Demotispa monteverdensis

Scientific classification
- Kingdom: Animalia
- Phylum: Arthropoda
- Clade: Pancrustacea
- Class: Insecta
- Order: Coleoptera
- Suborder: Polyphaga
- Infraorder: Cucujiformia
- Family: Chrysomelidae
- Genus: Demotispa
- Species: D. monteverdensis
- Binomial name: Demotispa monteverdensis (Borowiec, 2000)
- Synonyms: Stilpnaspis monteverdensis Borowiec, 2000;

= Demotispa monteverdensis =

- Genus: Demotispa
- Species: monteverdensis
- Authority: (Borowiec, 2000)
- Synonyms: Stilpnaspis monteverdensis Borowiec, 2000

Species of beetle

Demotispa monteverdensis is a species of beetle of the family Chrysomelidae.

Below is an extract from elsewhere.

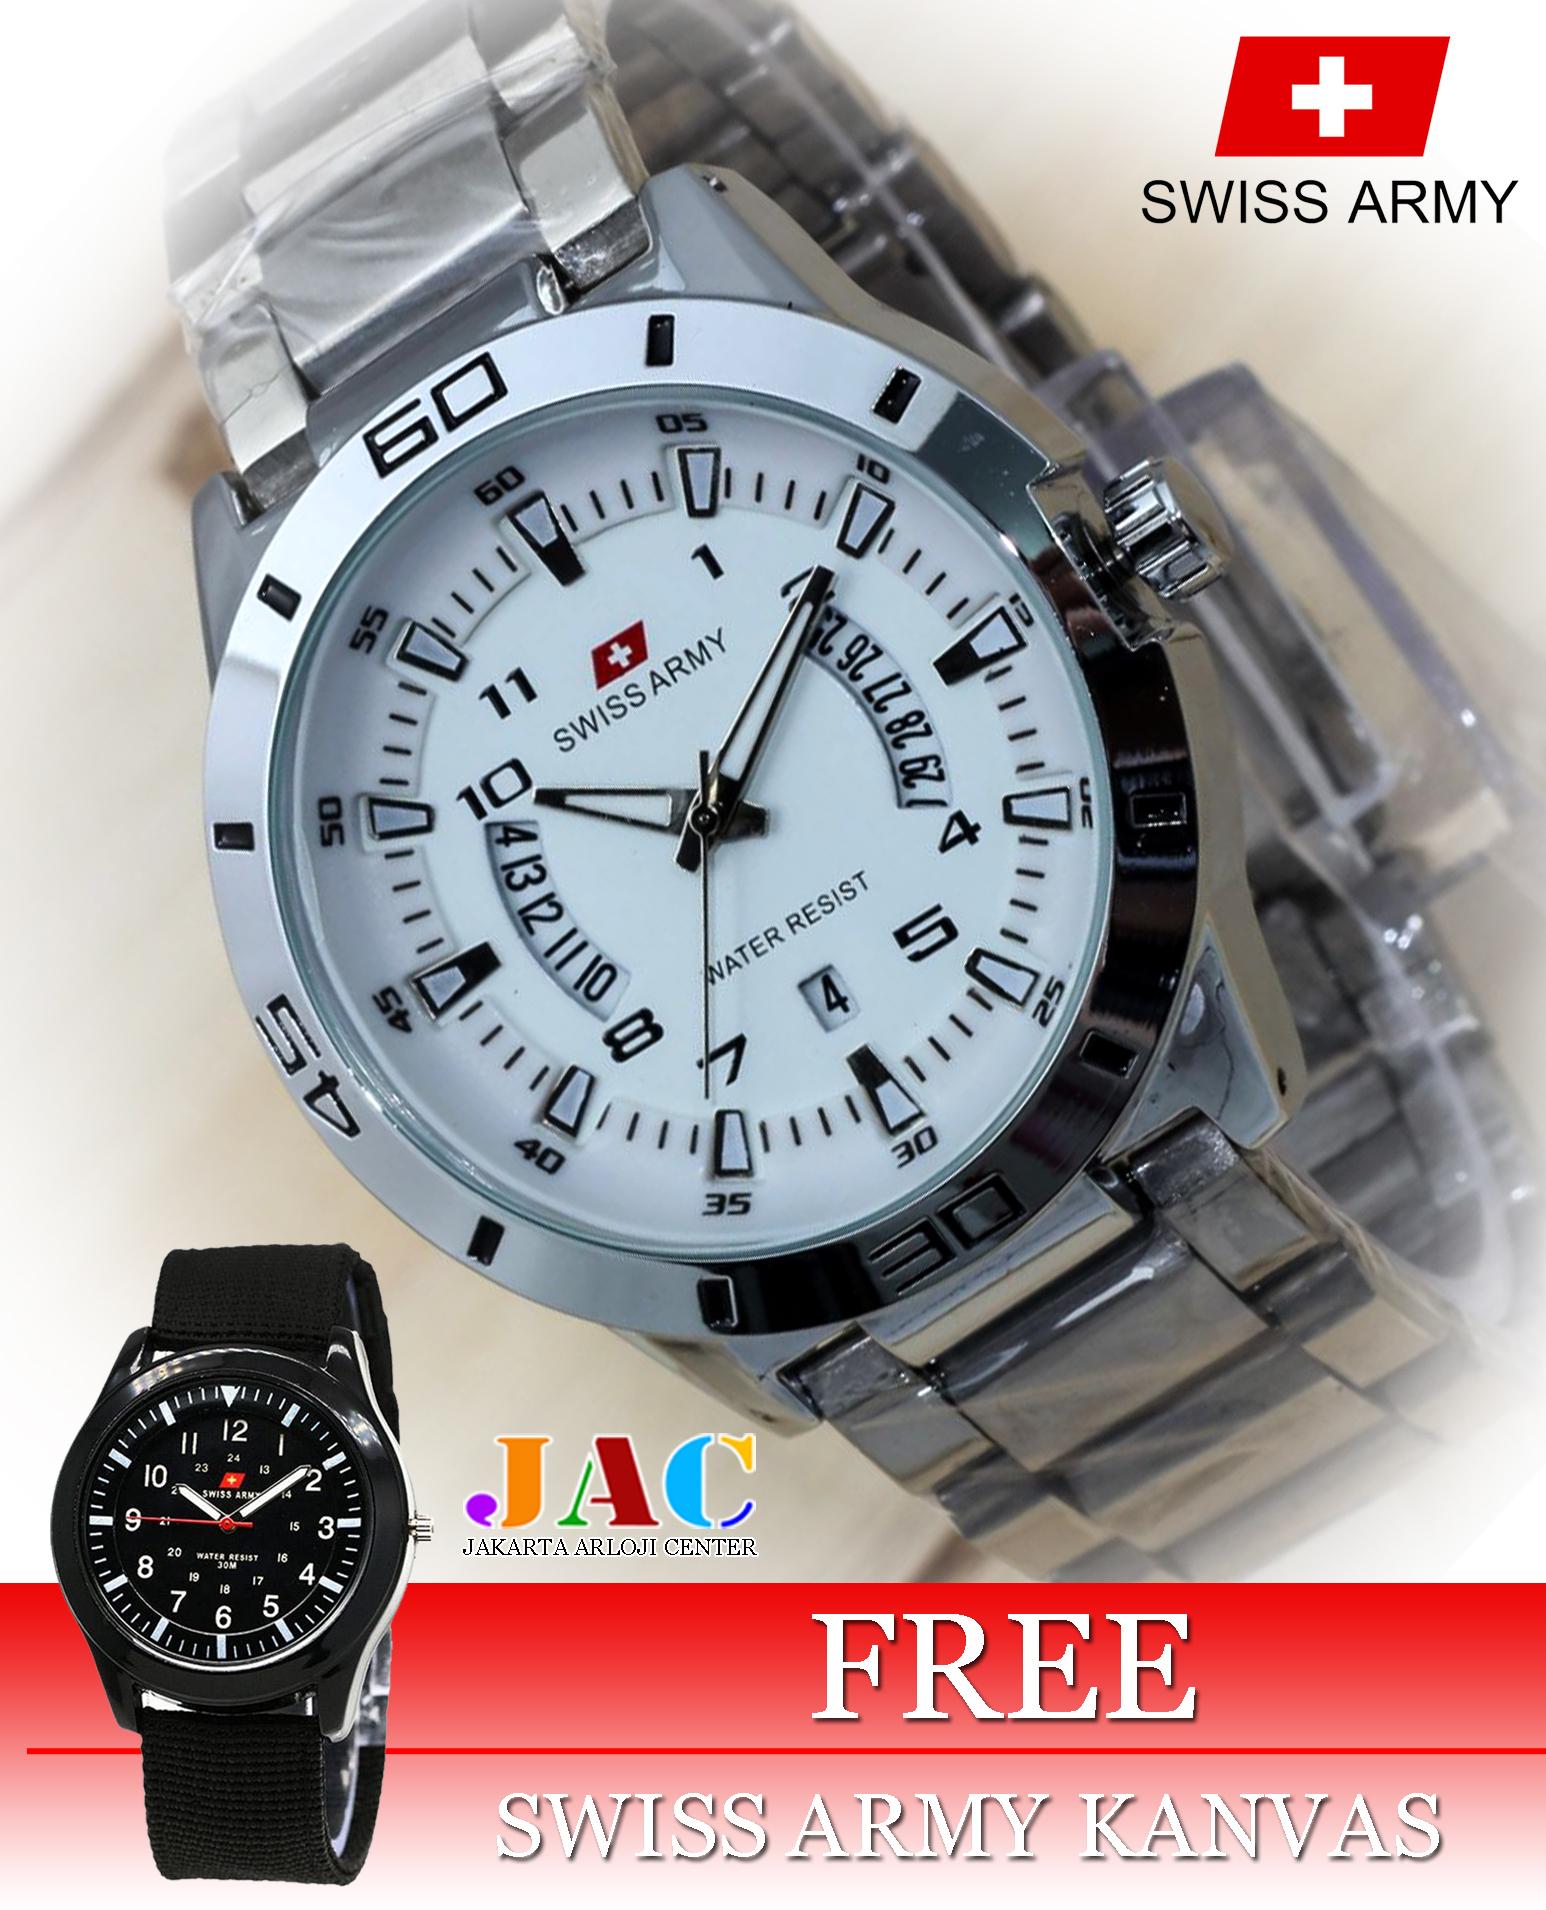 Jam Tangan Swiss Army Pria - Original - Stainless Steel - Tanggal Dan Hari Aktif - Formal Design - Bonus Jam Tangan Kanvas 
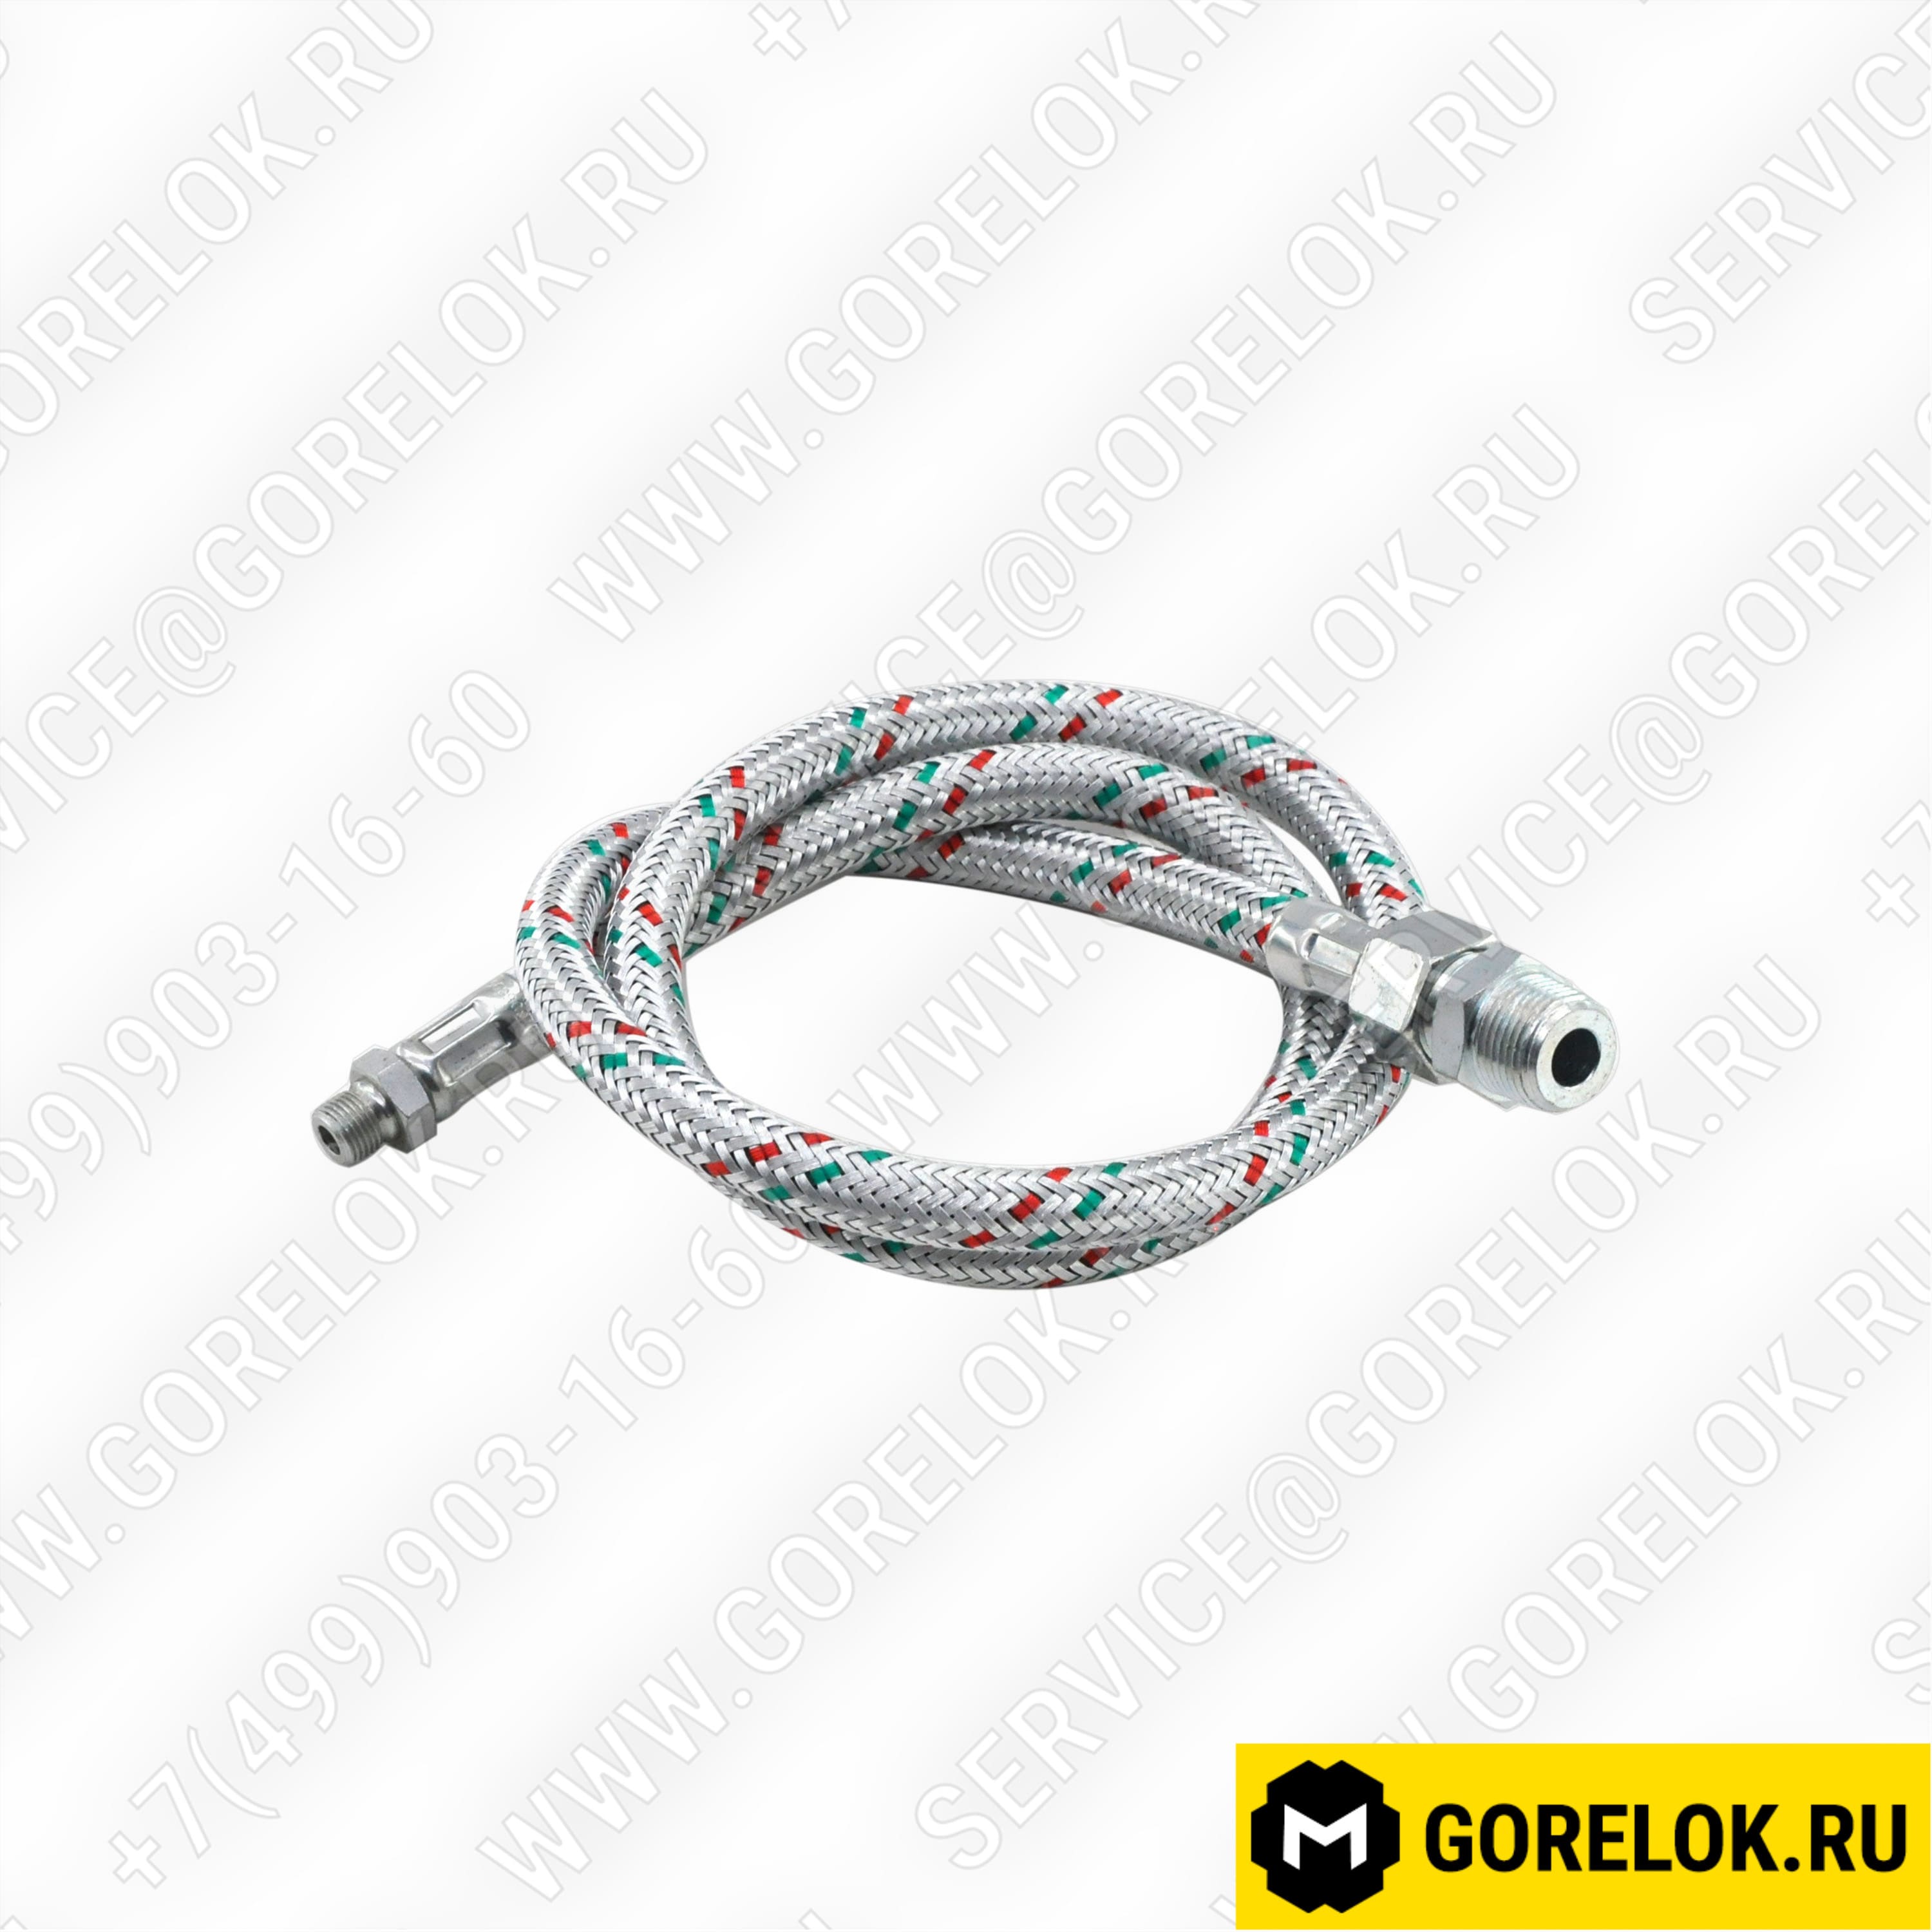 13013081 Купить Жидкотопливный шланг G1/8" - G3/8" | Zipgorelok.ru

It is found in Costa Rica.

==Description==
Adults reach a length of about 4.1-4.5 mm. They have a yellow head and legs, while the pronotal disc is argillaceous, and the elytral disc and inner part of margin of the elytra are argillaceous-red. The basal six segments of the antennae are yellow, segment 7 is infuscate and segments 8-11 are black.

==Life history==
No host plant has been documented for this species.

==Etymology==
The species is named after the type location, Monteverde Province in Costa Rica.